> **Task**
Return the data below exactly, please, but drop the pictures.

> **Data extract**
__________________________________________________
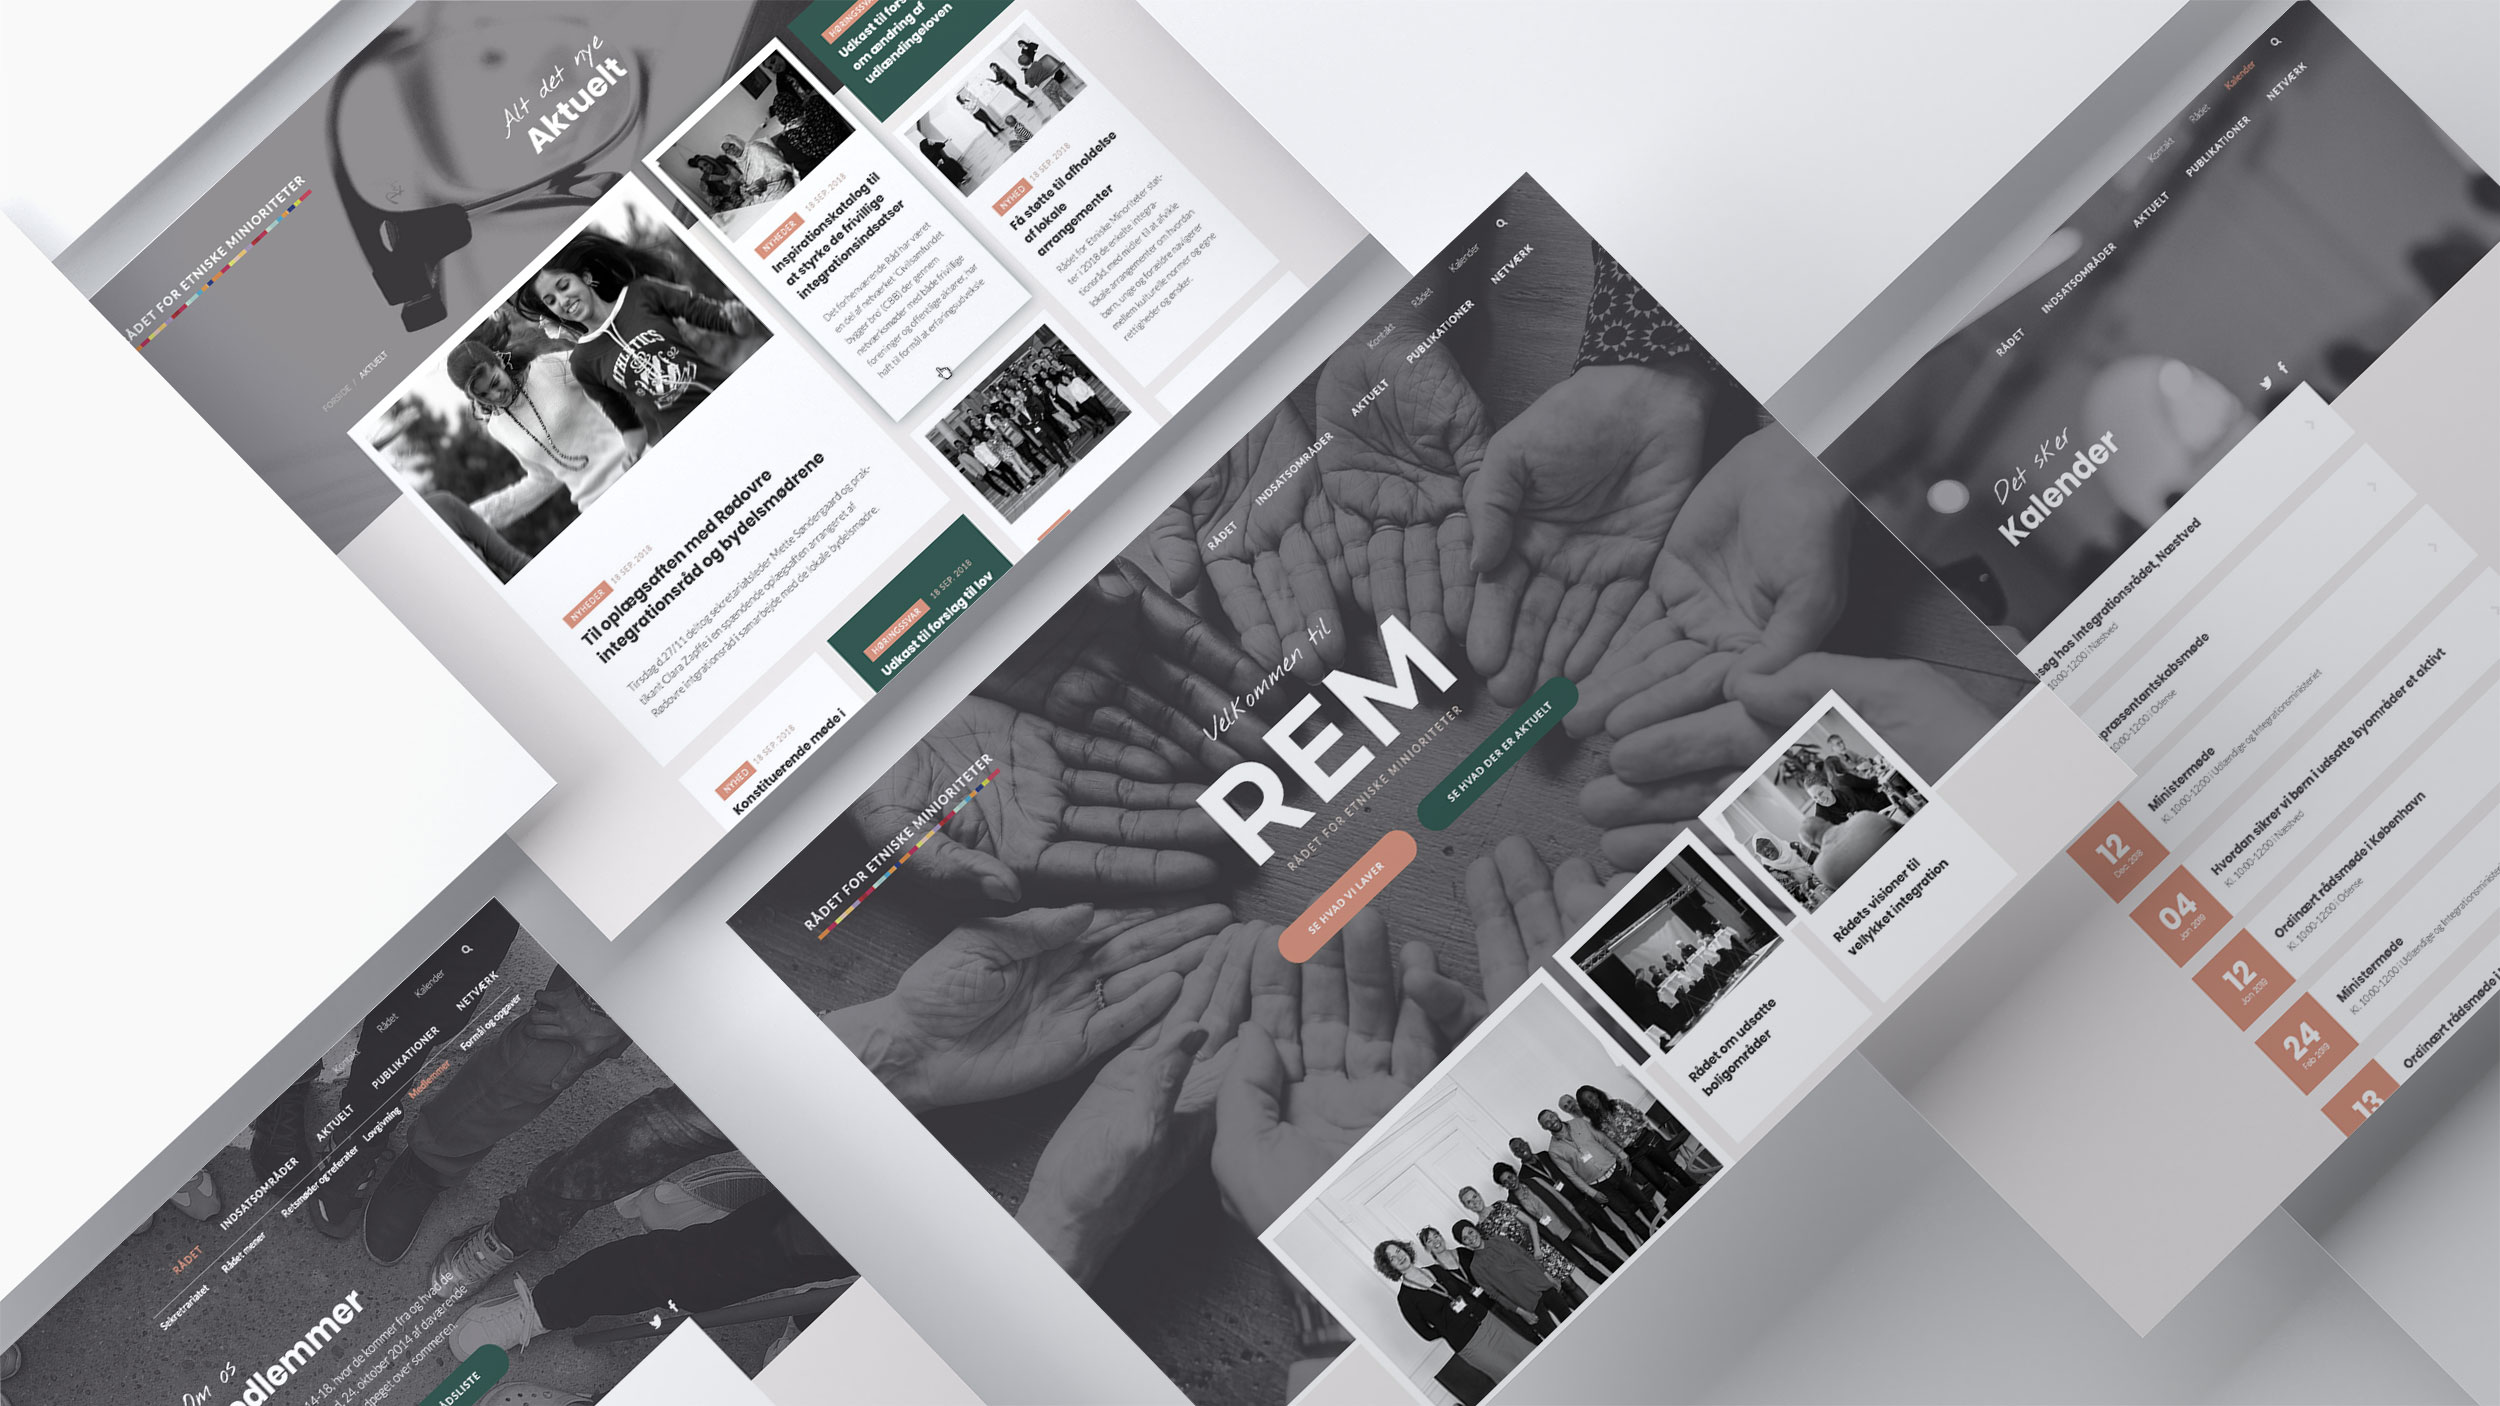 Website redesign af WOYE for Rådet for Etniske minioriteter
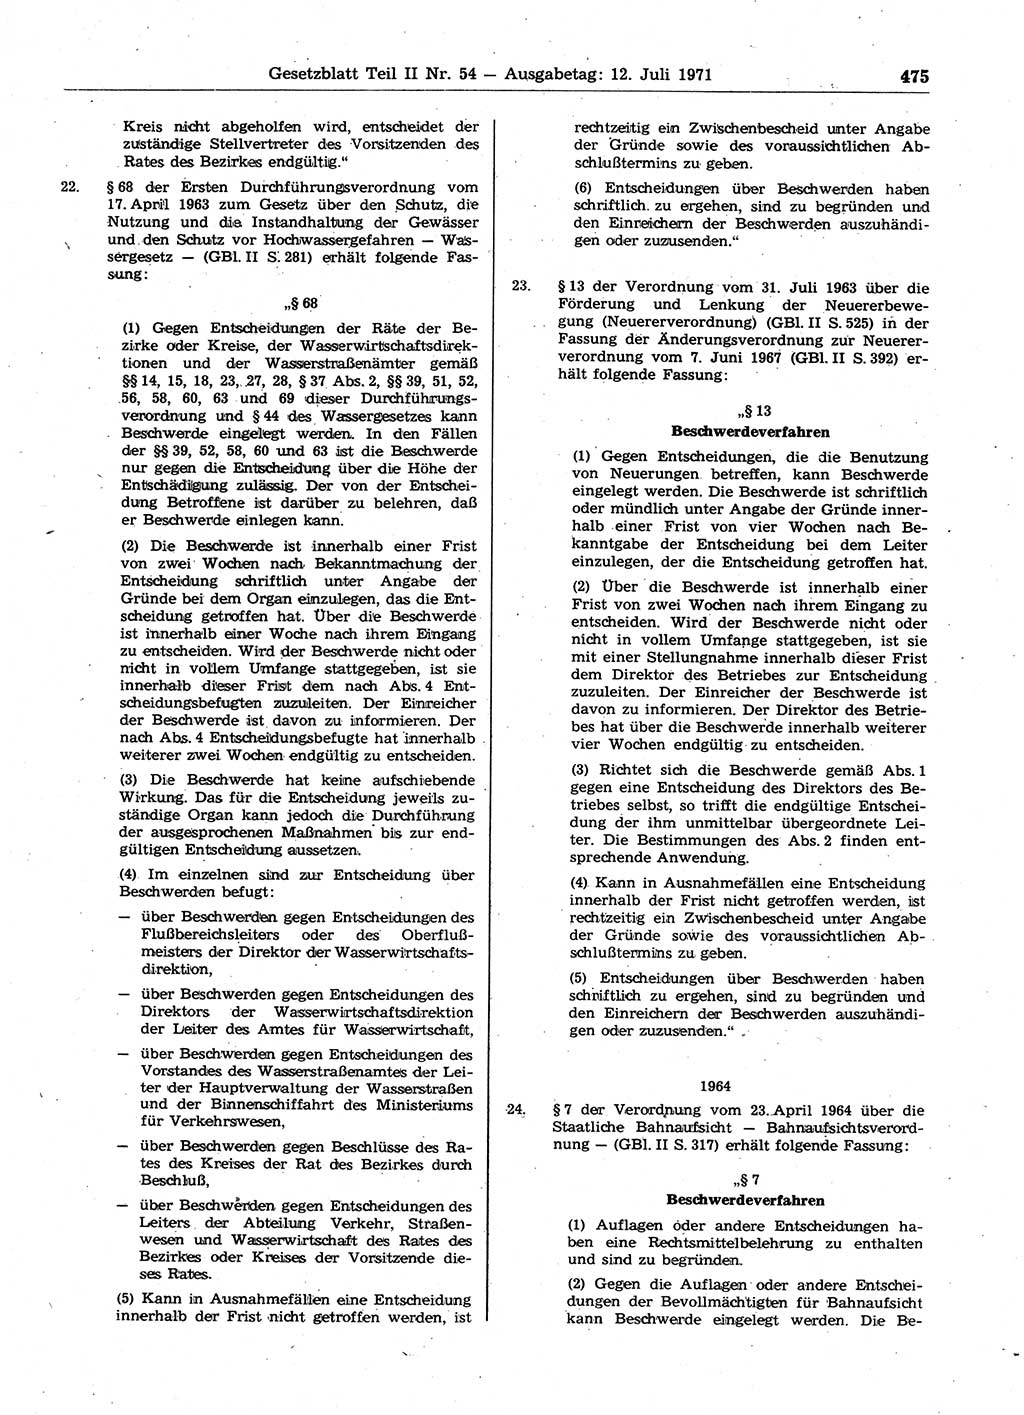 Gesetzblatt (GBl.) der Deutschen Demokratischen Republik (DDR) Teil ⅠⅠ 1971, Seite 475 (GBl. DDR ⅠⅠ 1971, S. 475)
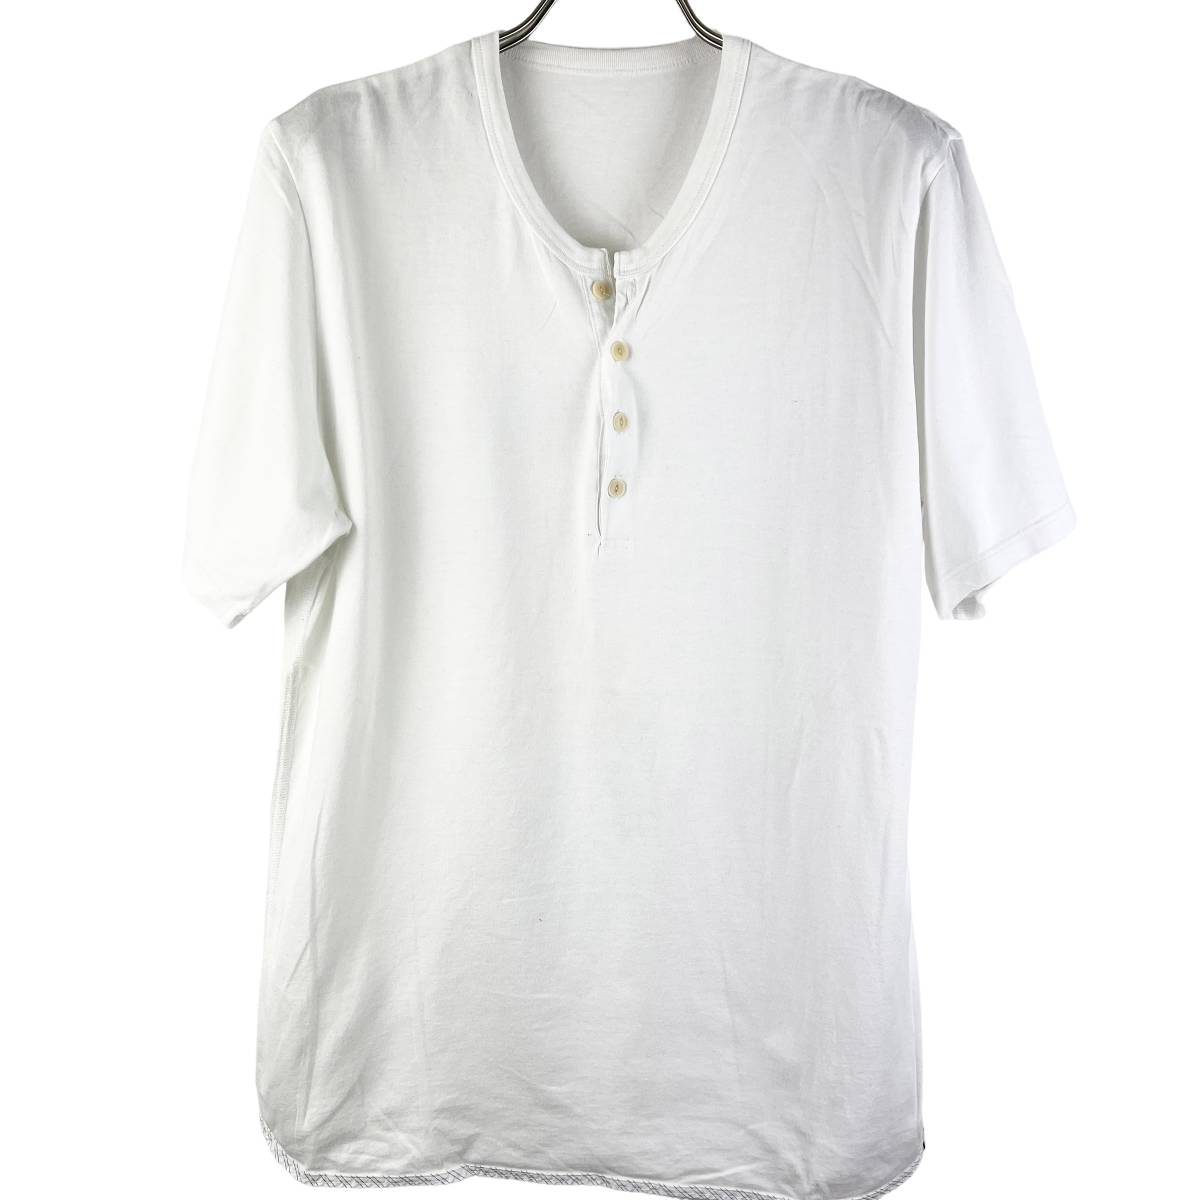 VISVIM(ビズビム) Collarless Bottom Cotton T Shirt (white) 3
__________________________________________________
> **Written answer**
 Website redesign af WOYE for Rådet for Etniske minioriteter
 Gesetzblatt (GBl.) der Deutschen Demokratischen Republik (DDR) Teil ⅠⅠ 1971, Seite 475 (GBl. DDR ⅠⅠ 1971, S. 475)
 VISVIM(ビズビム) Collarless Bottom Cotton T Shirt (white) 3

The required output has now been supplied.